◆ EXTRACTED ENTRIES
--------

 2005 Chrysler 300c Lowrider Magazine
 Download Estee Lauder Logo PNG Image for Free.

--------

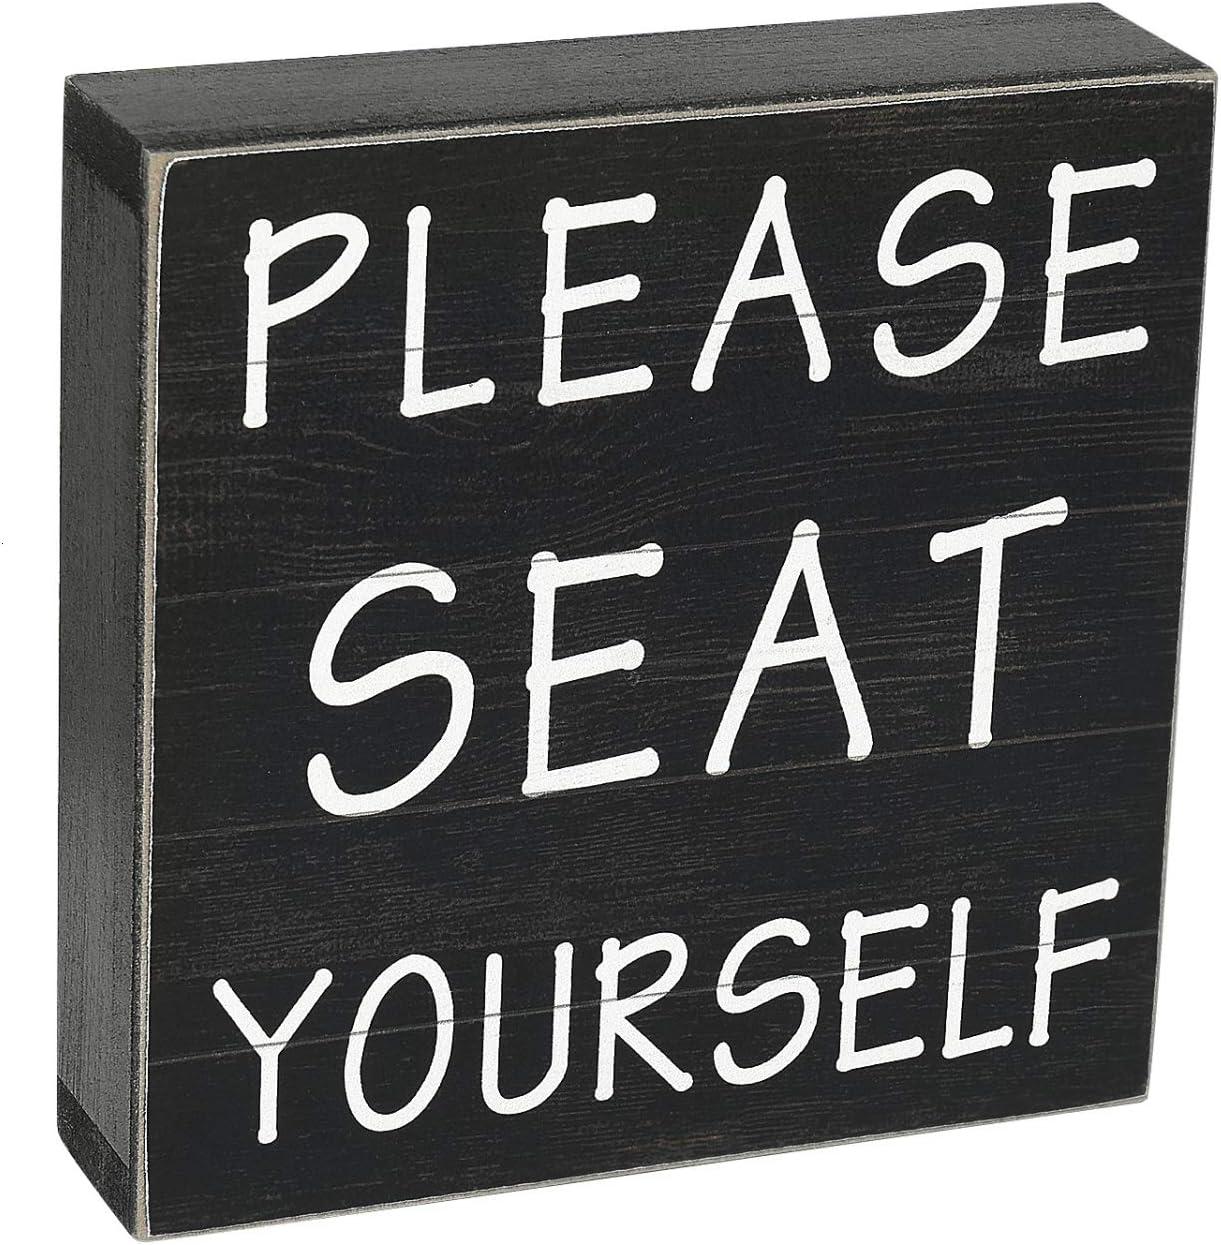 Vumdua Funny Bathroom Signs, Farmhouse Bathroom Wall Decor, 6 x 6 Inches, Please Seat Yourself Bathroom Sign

--------

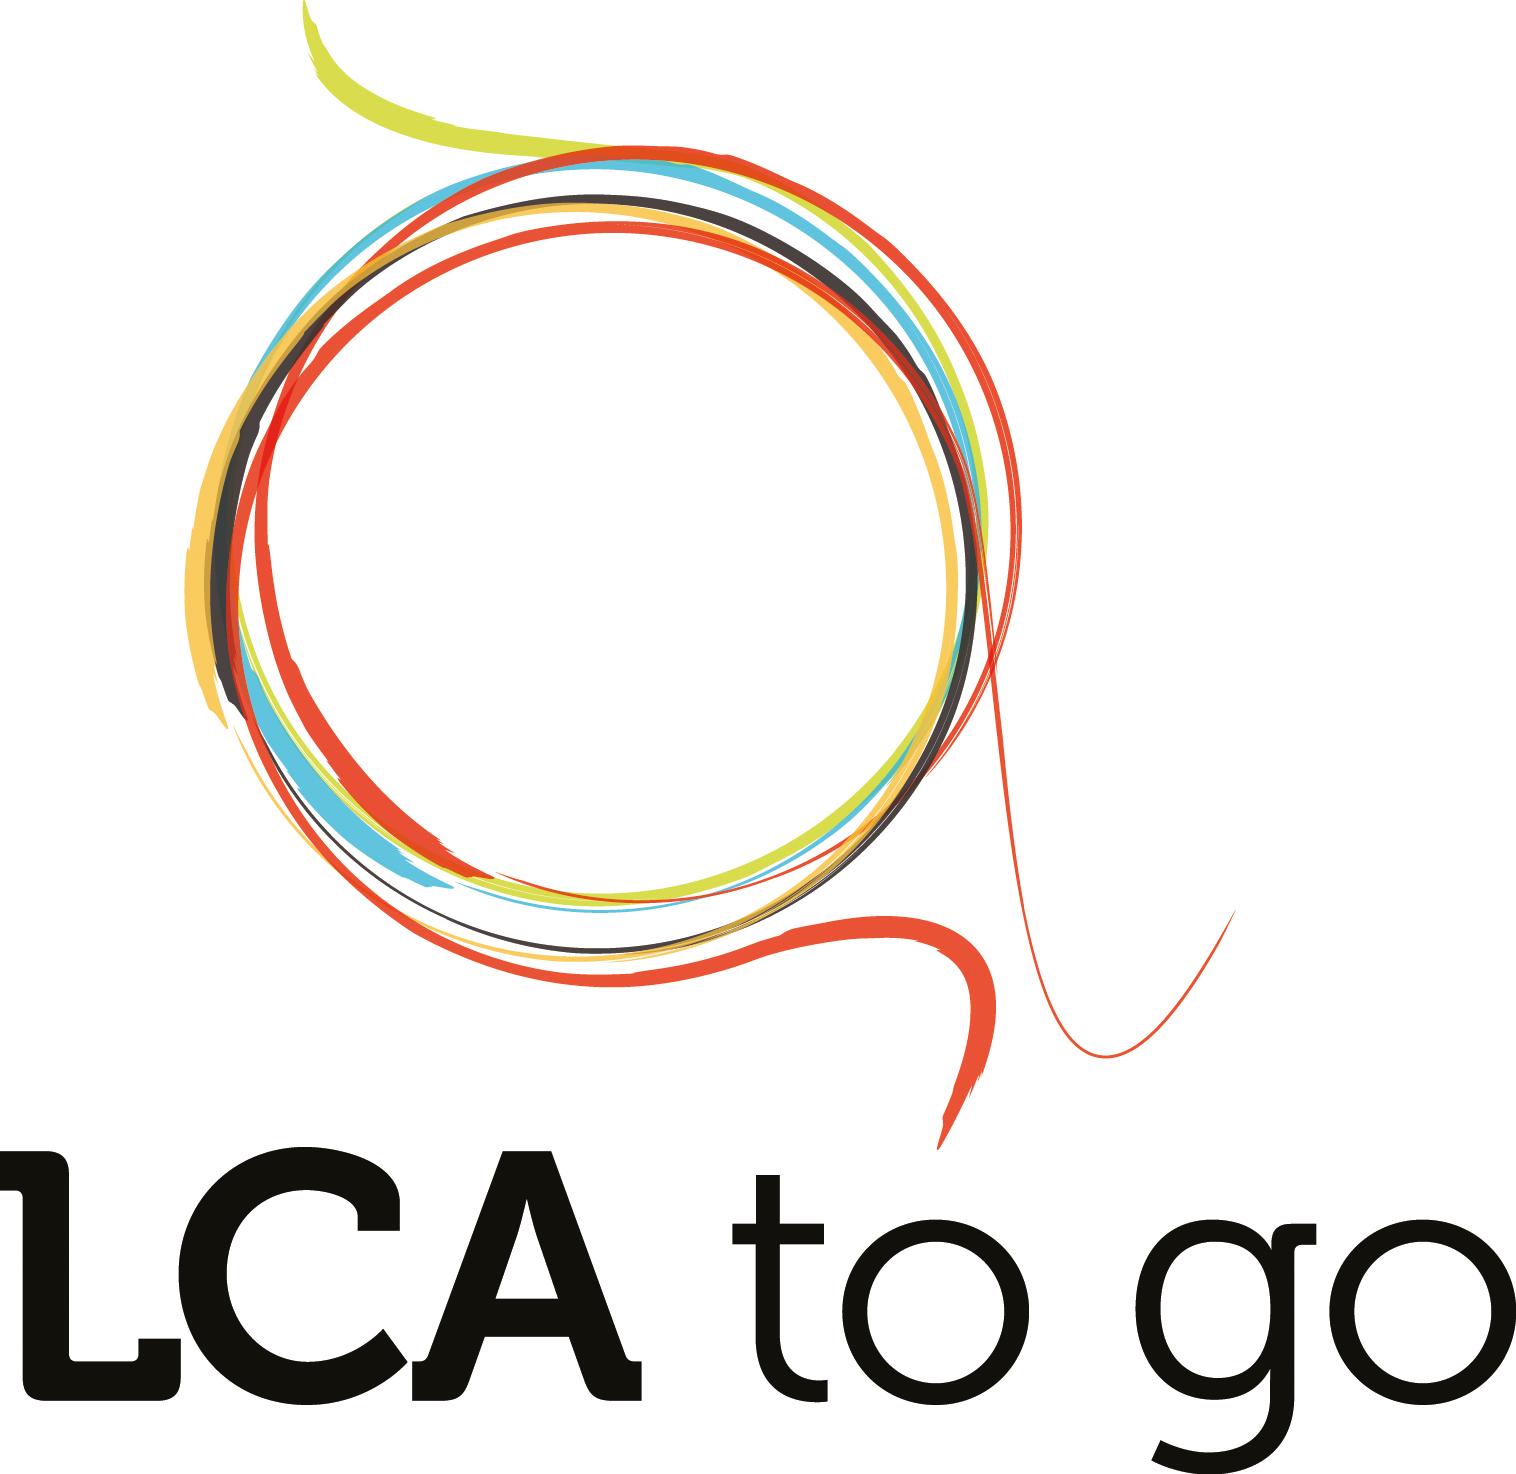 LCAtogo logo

--------

◆ YOUR OBJECTIVE
Once you reach the line with "2005 Chrysler 300c Lowrider Magazine" in the data above, copy it and every line after it exactly, up to and including the line with "Download Estee Lauder".

◆ EXERCISE OUTPUT
 2005 Chrysler 300c Lowrider Magazine
 Download Estee Lauder Logo PNG Image for Free.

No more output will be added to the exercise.